What to produce: Retype each line of the material exactly, please, skipping any picture in it.

The data:
════

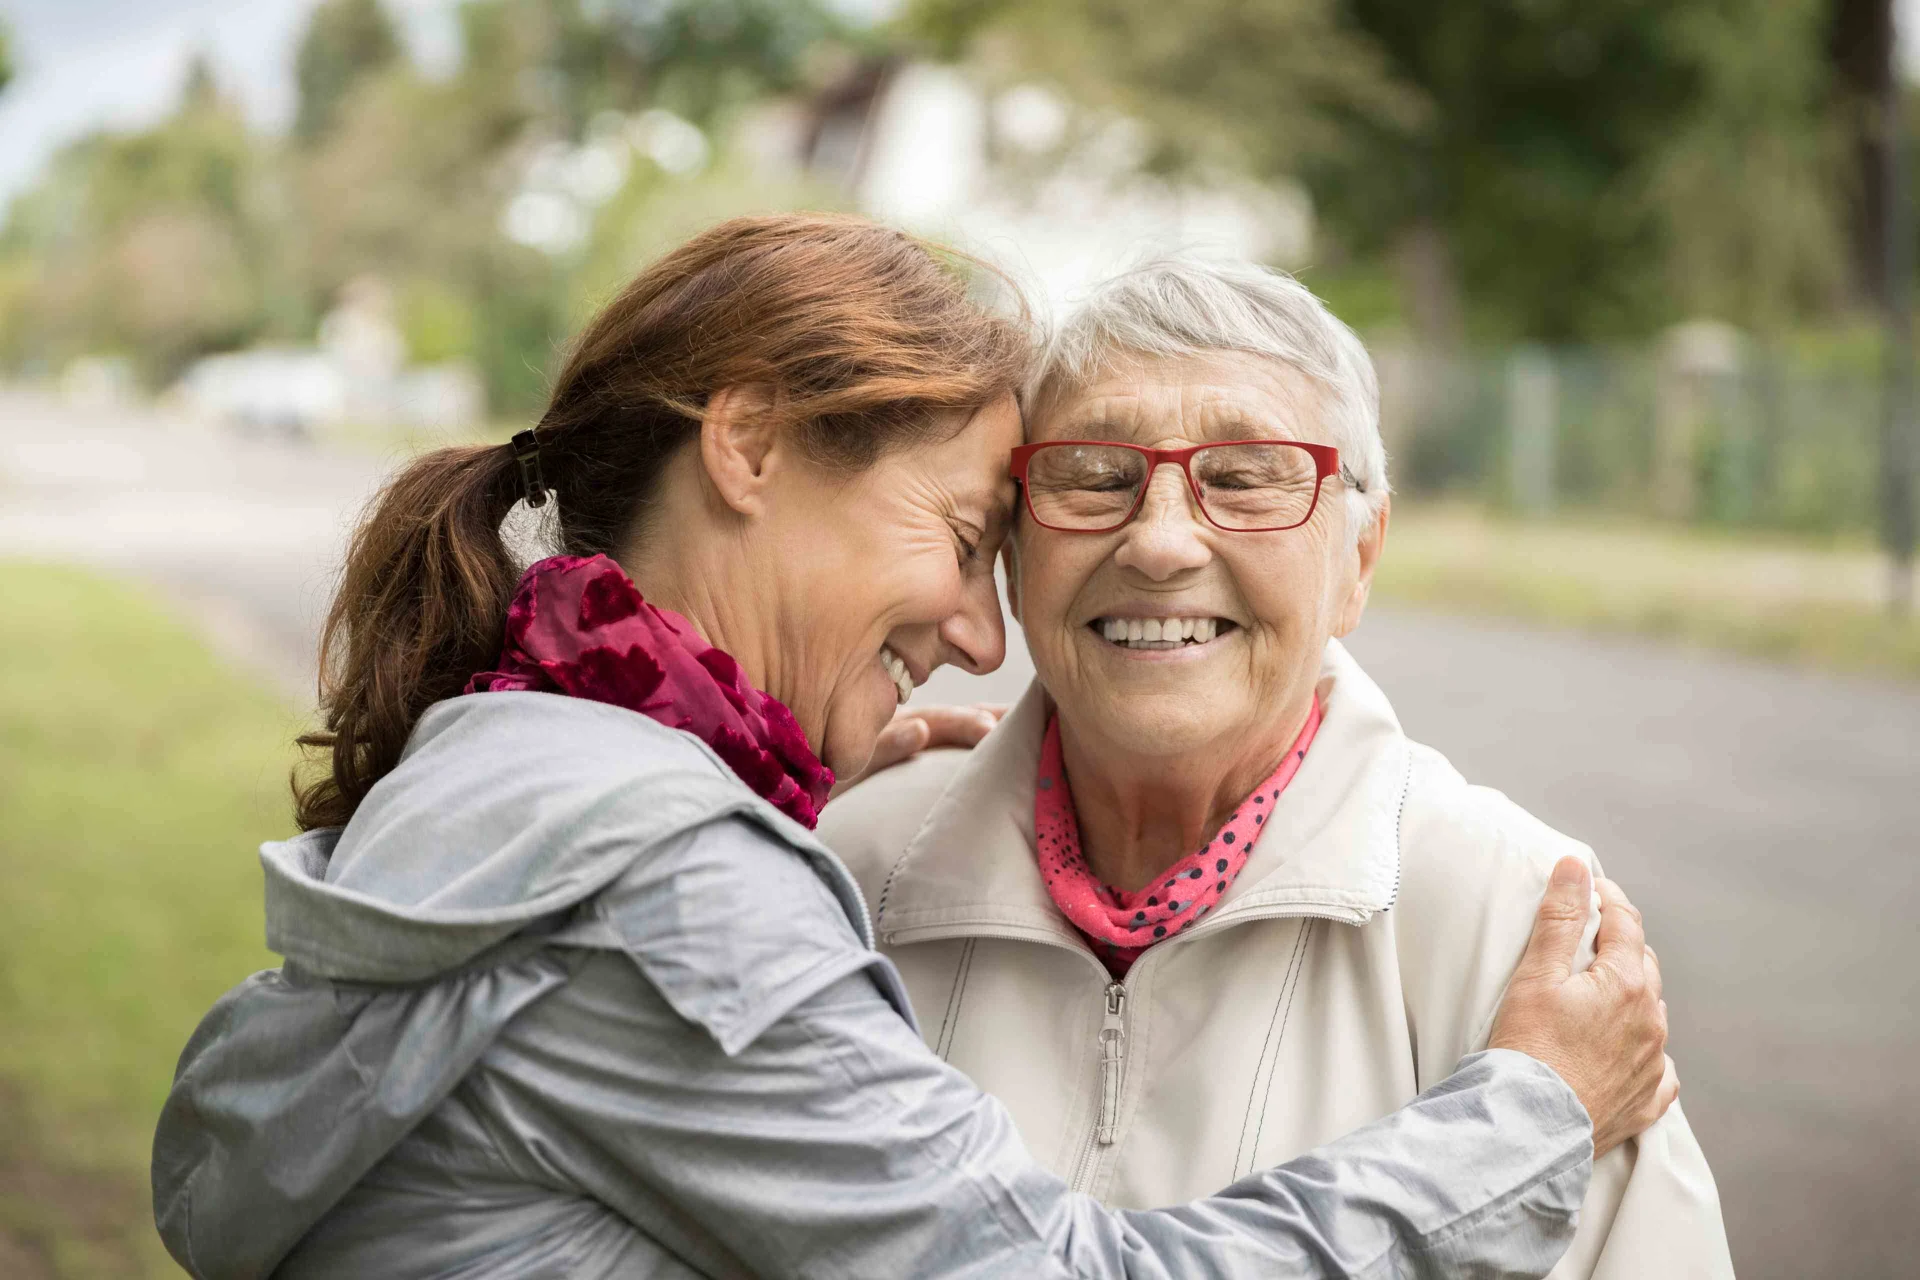 A smiling woman hugs an older woman who is also smiling.
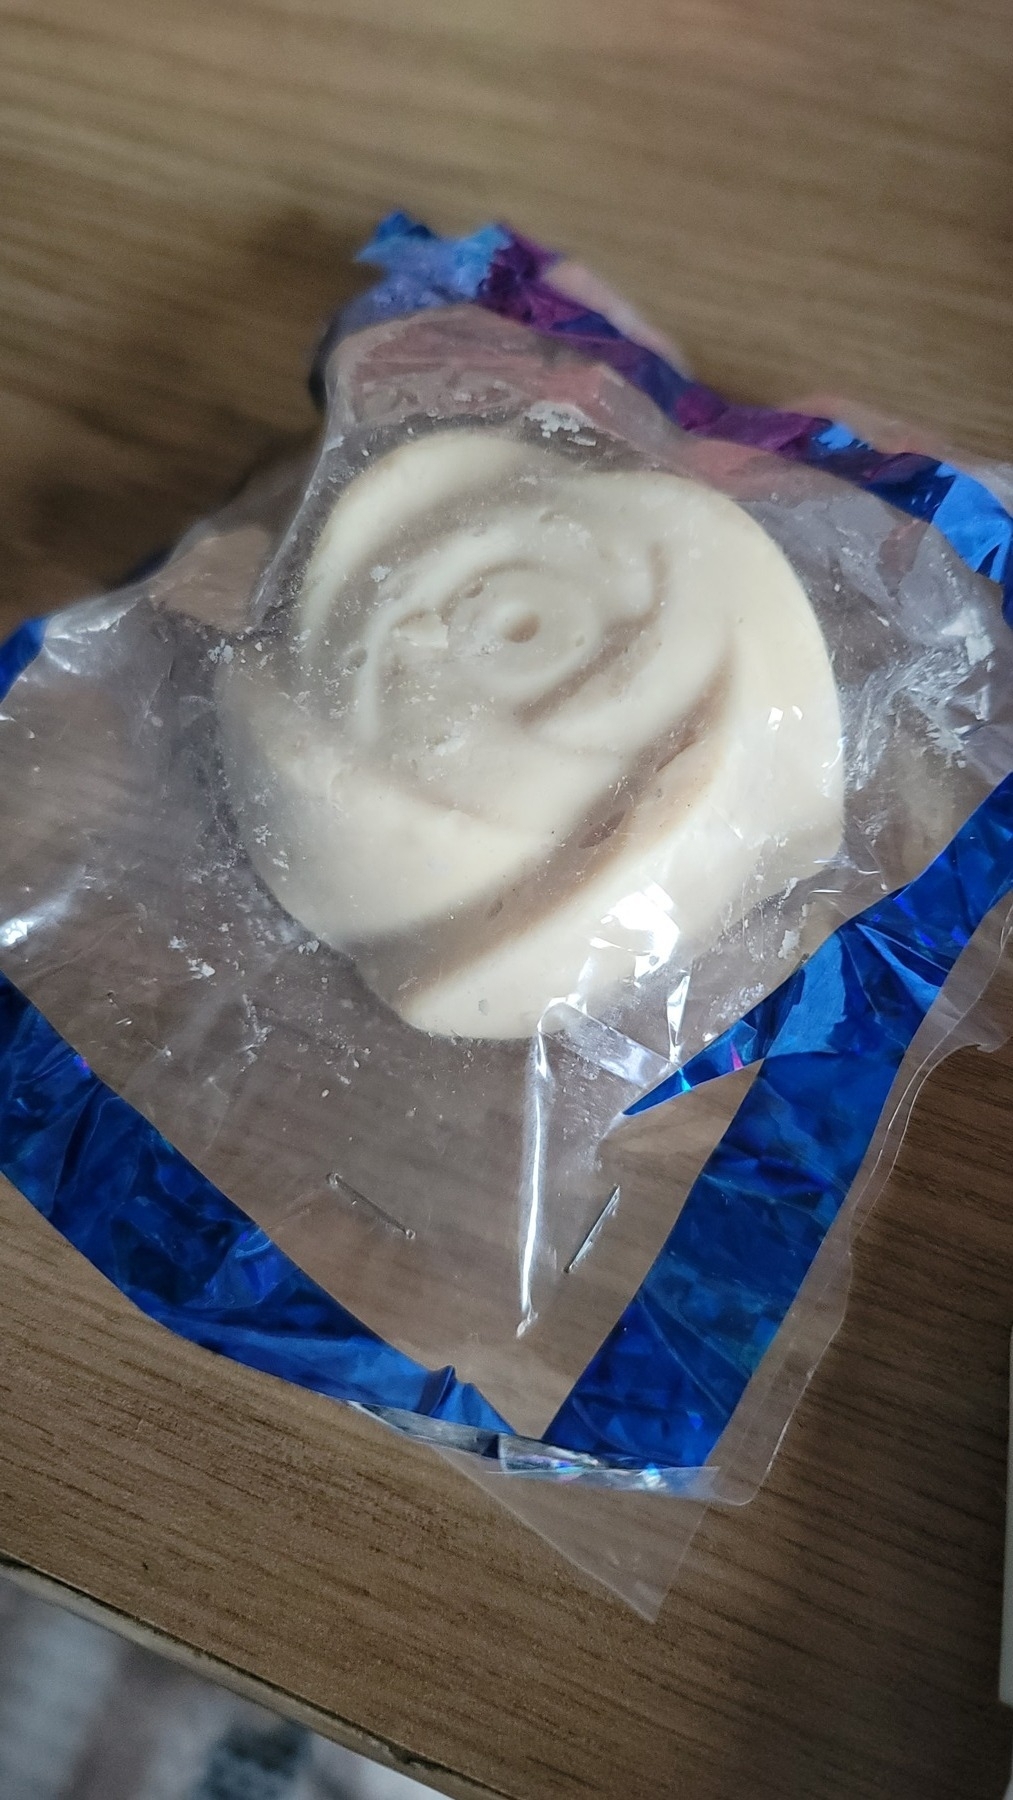 off-white circular bar of soap carved to look like a flower
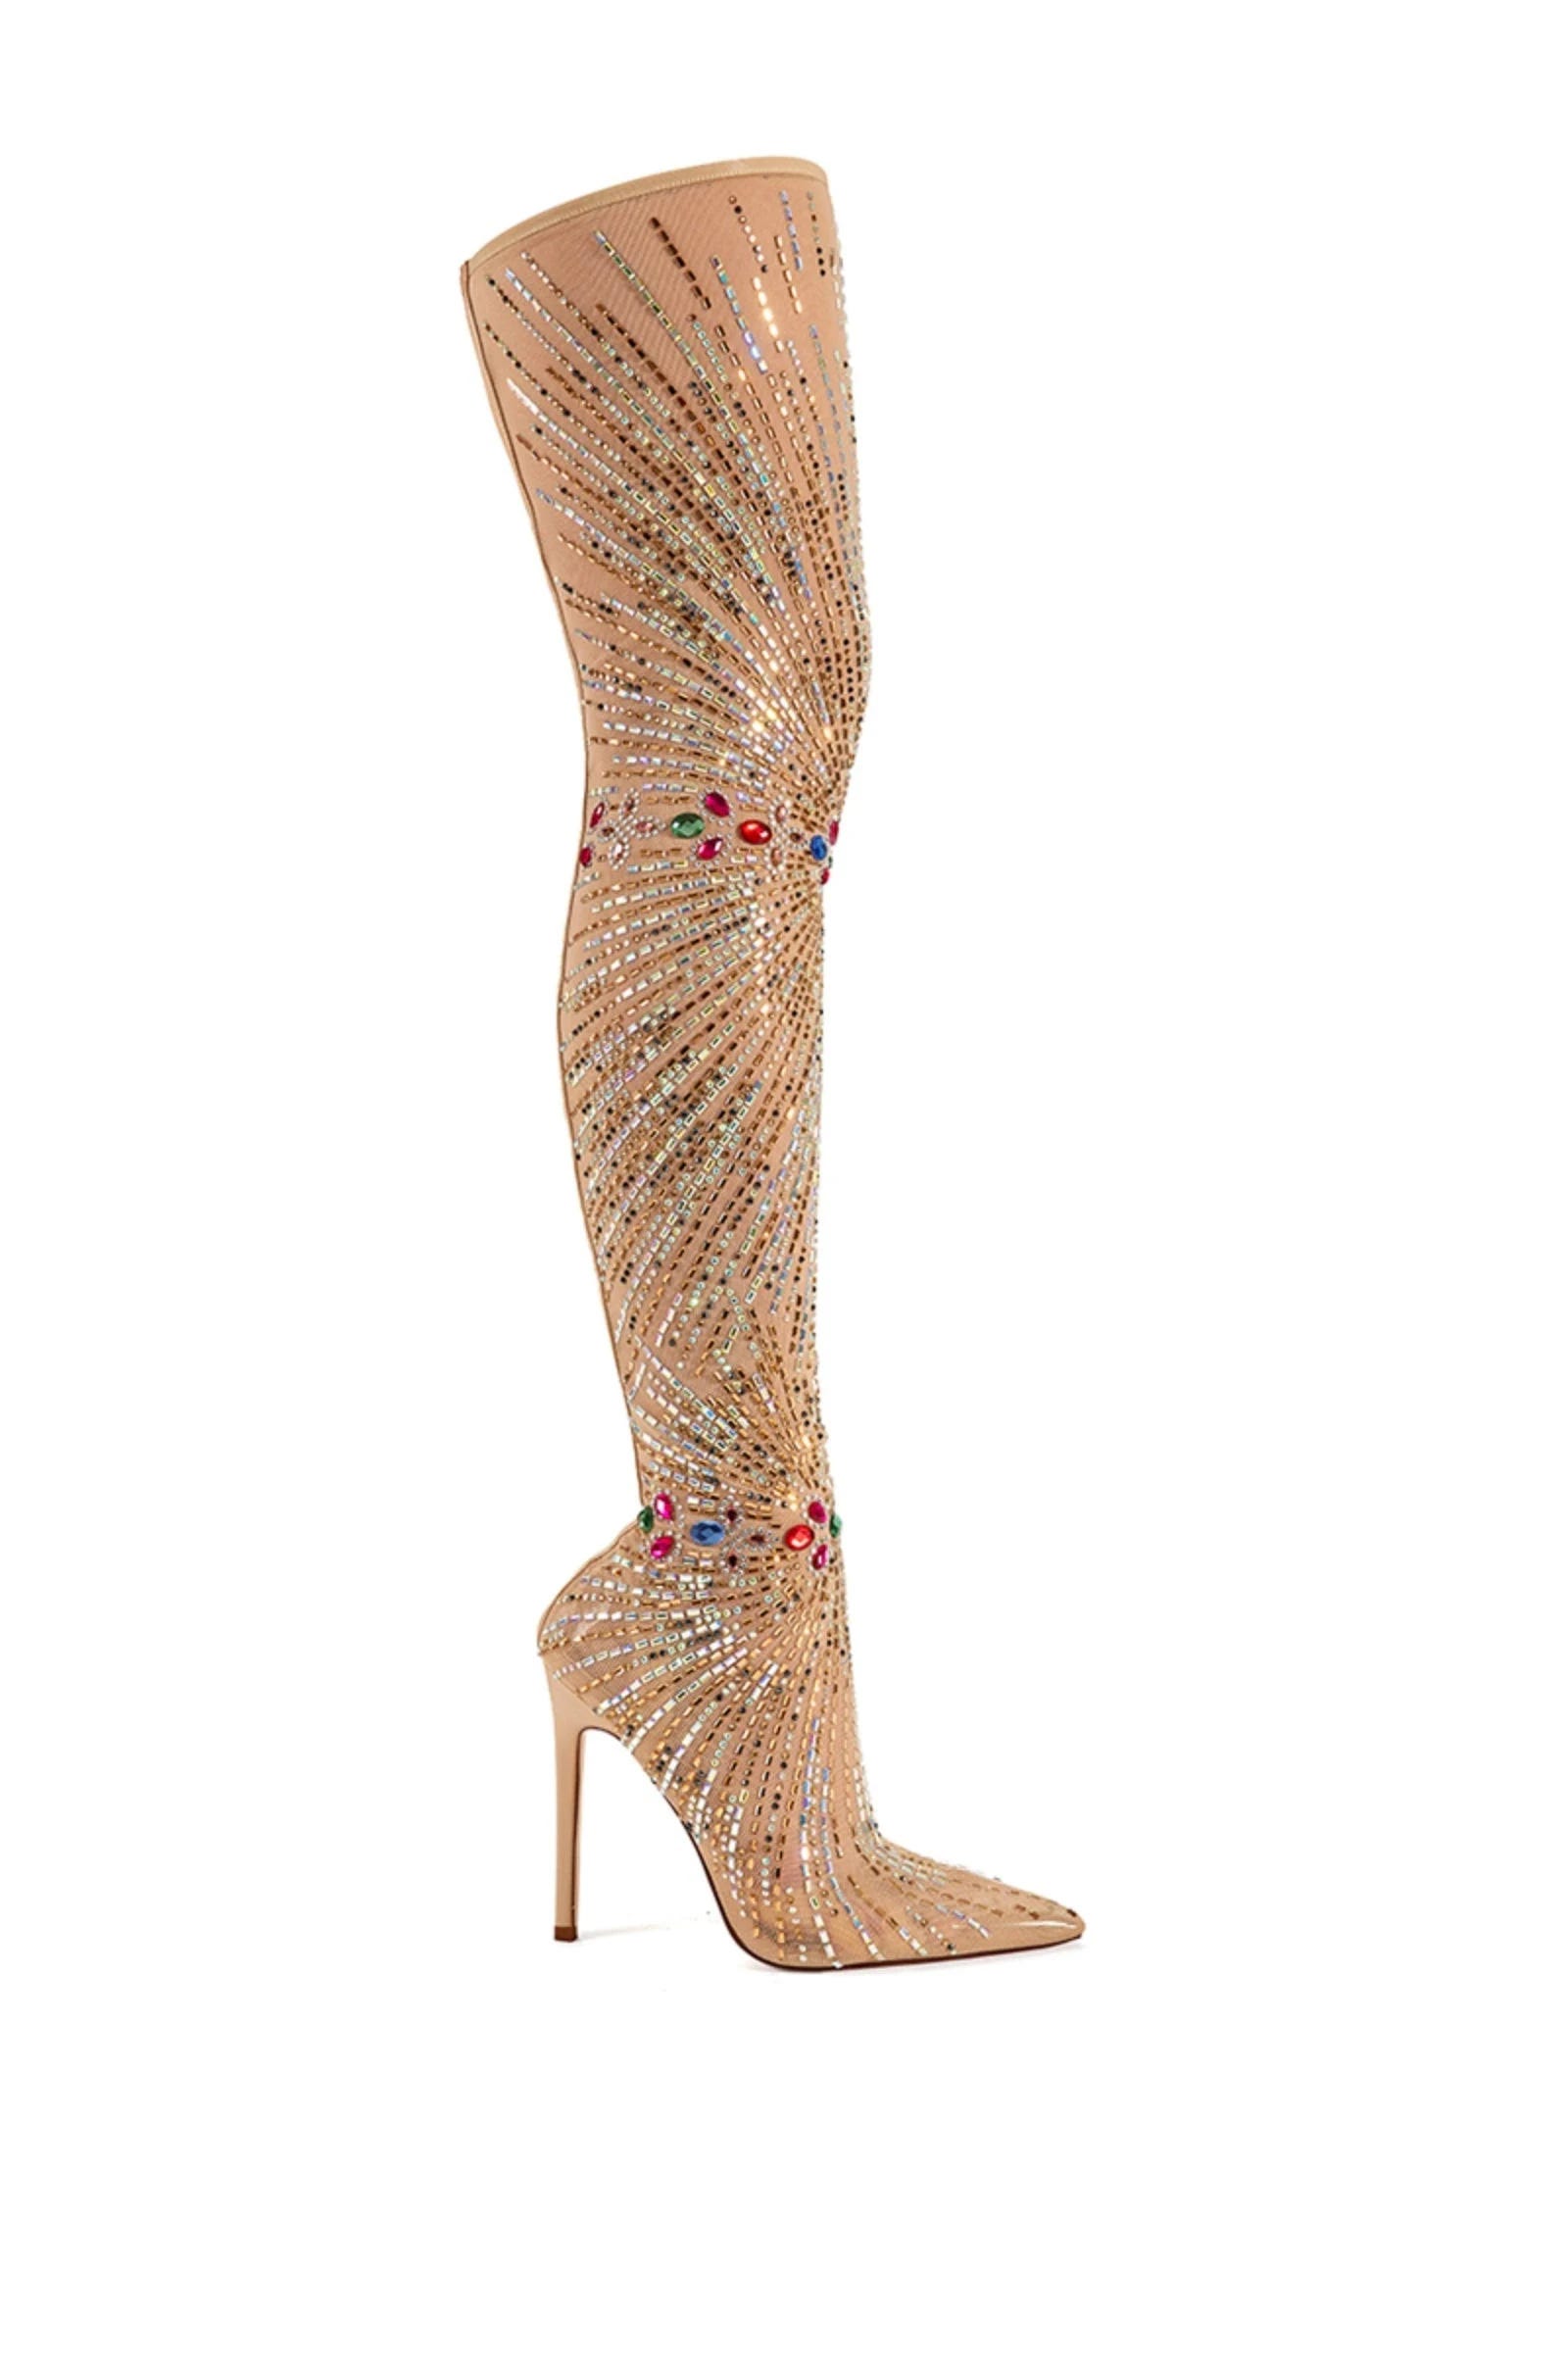 Crystal Rhinestone Thigh-High Dress Boots with Mesh Accents | Image

════

Finished task:
 A smiling woman hugs an older woman who is also smiling.
 off-white circular bar of soap carved to look like a flower
 Crystal Rhinestone Thigh-High Dress Boots with Mesh Accents | Image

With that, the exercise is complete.